Insurance Fraud Accountability Act
Summary
What This Bill Does
The Insurance Fraud Accountability Act responds to fraudulent or unauthorized enrollment in qualified health plans sold through ACA Exchanges. It separates agent and broker misconduct from ordinary applicant errors. Agents or brokers who negligently provide incorrect information face civil penalties of $10,000 to $50,000 per affected individual. Agents or brokers who knowingly provide false or fraudulent information face civil penalties up to $200,000 per affected individual, and knowing and willful false information can be punished under title 18 by a fine, up to 10 years in prison, or both. For federally operated Exchanges, HHS must establish, by no later than January 1, 2029, a verification process for broker-submitted new enrollments and coverage changes, including consent documentation, delayed commissions until inconsistencies are resolved, qualified health plan access to verification data, consumer notices of changes to enrollment, coverage, agent of record, or premium tax credits, and account-access protections. The bill also requires enhanced direct-enrollment platforms to display plan information without misleading rankings, sets marketing and registration duties for agents, brokers, field marketing organizations, and third-party marketing organizations, requires reports of terminations, mandates audit processes coordinated with states and NAIC, and creates regular lists of suspended and terminated agents and brokers.
Who Benefits and How
ACA marketplace consumers benefit from consent verification, notices of unauthorized changes, and stronger penalties for fraudulent enrollments. Qualified health plans benefit from access to verification data and lists of suspended or terminated agents and brokers. State insurance departments benefit from federal audit referrals and termination reports tied to Exchange fraud. Compliant agents benefit if higher penalties and marketing rules reduce unfair competition from fraudulent brokers.
Who Bears the Burden and How
ACA agents and brokers face higher civil penalties, criminal exposure, consent documentation, marketing rules, registration, and audit risk. Field marketing organizations must meet federal marketing, licensing, registration, referral-compensation, and termination-reporting rules. CMS must build verification, notice, audit, database, referral, and suspended-agent list processes for federally operated Exchanges.
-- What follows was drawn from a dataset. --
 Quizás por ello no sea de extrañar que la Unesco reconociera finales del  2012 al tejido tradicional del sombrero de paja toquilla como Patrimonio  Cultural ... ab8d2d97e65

Enhanced direct-enrollment platforms must change plan displays, ranking practices, account access, and consumer protections.
Key Provisions
- Creates $10,000 to $50,000 civil penalties per affected individual for negligent agent or broker incorrect information.
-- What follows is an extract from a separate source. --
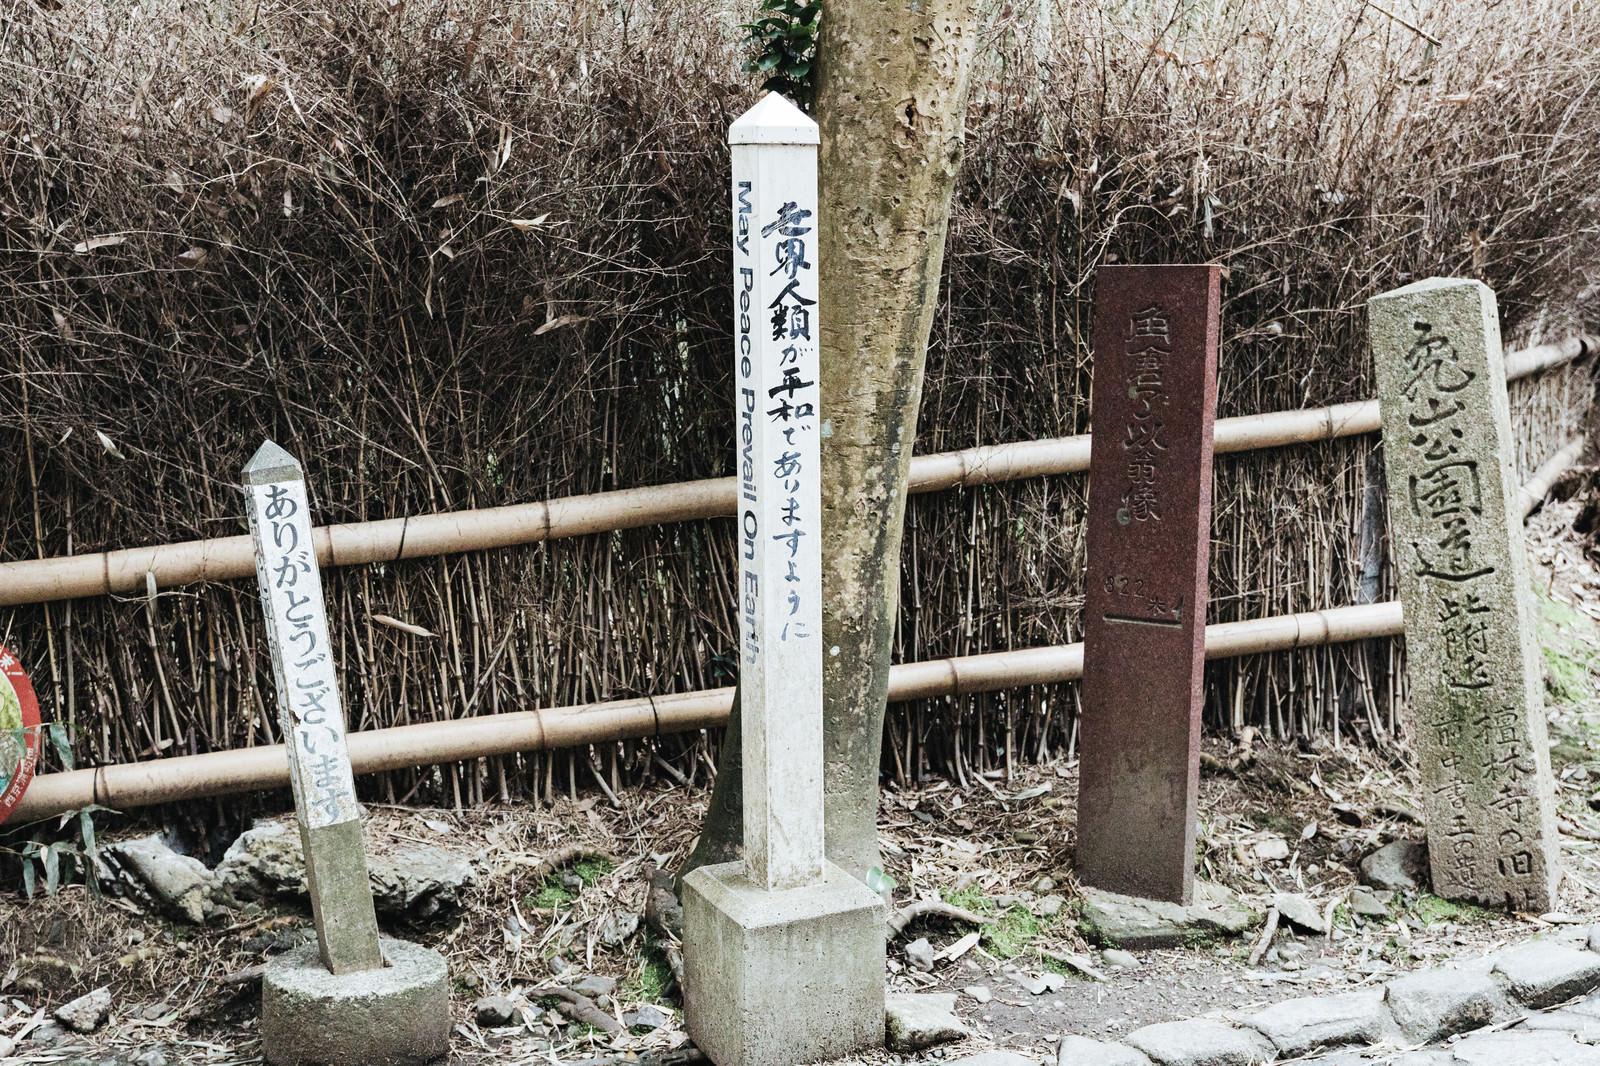 「世界人類が平和でありますようにの柱(May Peace Prevail On Earth)」の写真

- Creates civil penalties up to $200,000 per affected individual for knowing false or fraudulent agent or broker information.
- Provides criminal penalties of fines or up to 10 years in prison for knowing and willful false information.
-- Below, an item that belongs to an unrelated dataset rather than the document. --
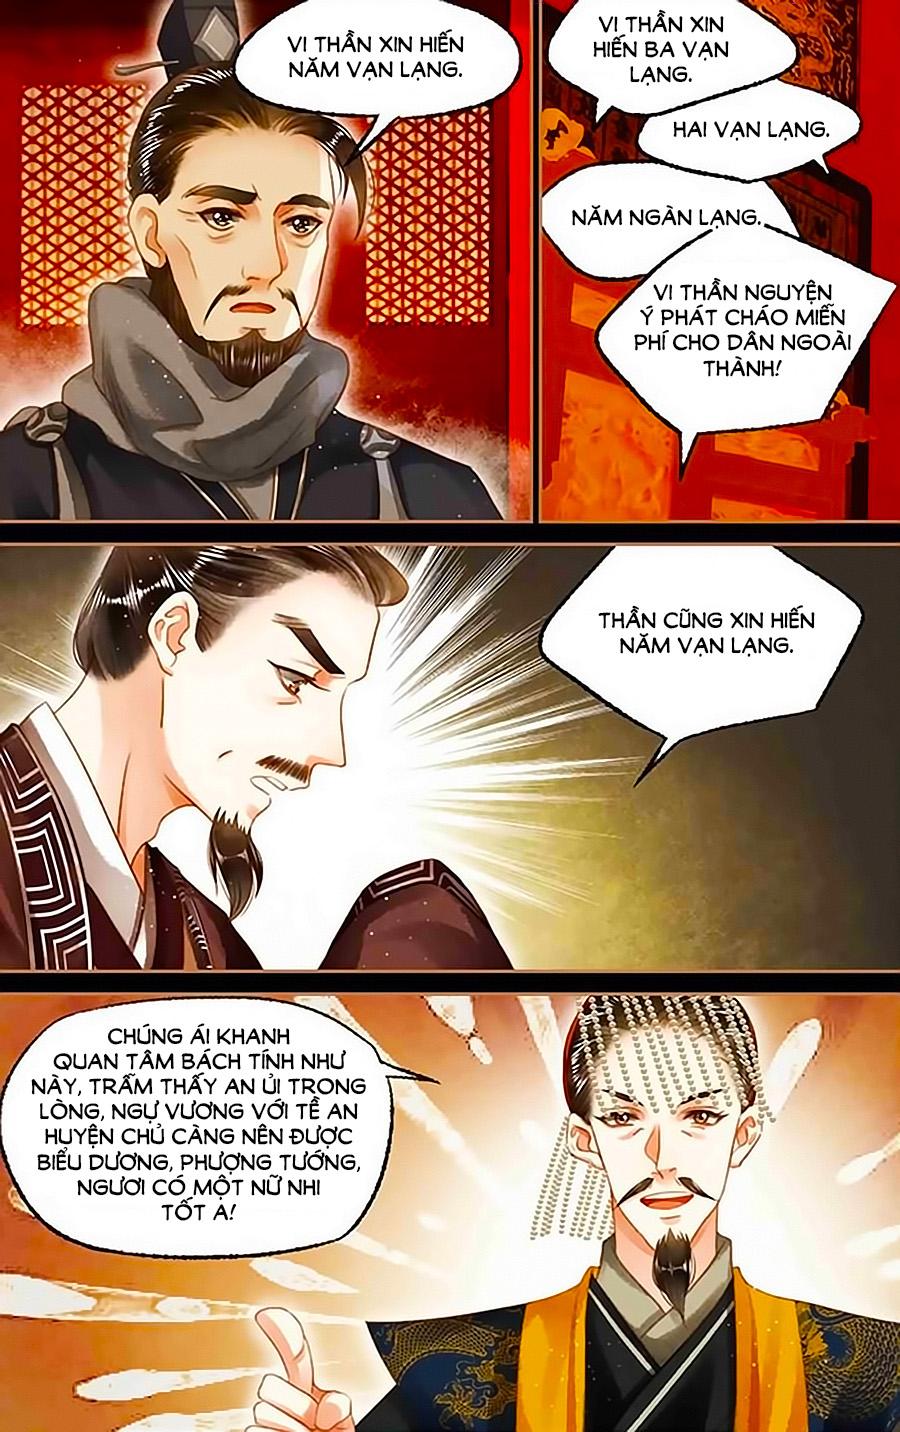 Thần Y Đích Nữ chap 104 - Trang 6

- Requires federally operated Exchange verification of broker-submitted enrollments and coverage changes by January 1, 2029.
- Directs audits, state fraud referrals, marketing organization rules, termination reports, and suspended-agent lists.
Evidence Chain:
This summary is generated from the full bill text using AI analysis. Expand "Detailed Analysis" below for identified beneficiaries/burden bearers with clause-level evidence links.
At a Glance
What This Bill Does
Creates stronger civil and criminal penalties for ACA Exchange agent and broker fraud, requires federal marketplace verification of broker-submitted enrollments by 2029, regulates marketing organizations, mandates audits and referrals, and creates lists of suspended or terminated agents and brokers.
Key Policy Areas
Health Insurance, ACA Marketplaces, Fraud Enforcement
Primary Purpose
Creates stronger civil and criminal penalties for ACA Exchange agent and broker fraud, requires federal marketplace verification of broker-submitted enrollments by 2029, regulates marketing organizations, mandates audits and referrals, and creates lists of suspended or terminated agents and brokers.
Policy Domains
Resolution provisions
Identified Gains
- ACA marketplace consumers
- Qualified health plans
- State insurance departments
- Compliant ACA agents
Identified Costs
- ACA agents and brokers
- Field marketing organizations
- Centers for Medicare and Medicaid Services
- Enhanced direct-enrollment platforms
Sponsors
Legislative Progress
In CommitteeMs. Ross (for herself and Ms. Castor of Florida) introduced …
Referred to the House Committee on Energy and Commerce.
Introduced in House
Stakeholder Effects
cui bono?How this legislation distributes effects. Mention counts reflect frequency, not effect magnitude.
ACA agents and brokers, ACA marketplace consumers, Compliant ACA agents
Positive-direction: ACA marketplace consumers, Compliant ACA agents, Qualified health plans
Negative-direction: ACA agents and brokers, Enhanced direct-enrollment platforms, Field marketing organizations
Bill Structure & Actor Mappings
Who is "The Secretary" in each section?
We use a combination of our own taxonomy and classification in addition to large language models to assess meaning and potential beneficiaries. High confidence means strong textual evidence. Always verify with the original bill text.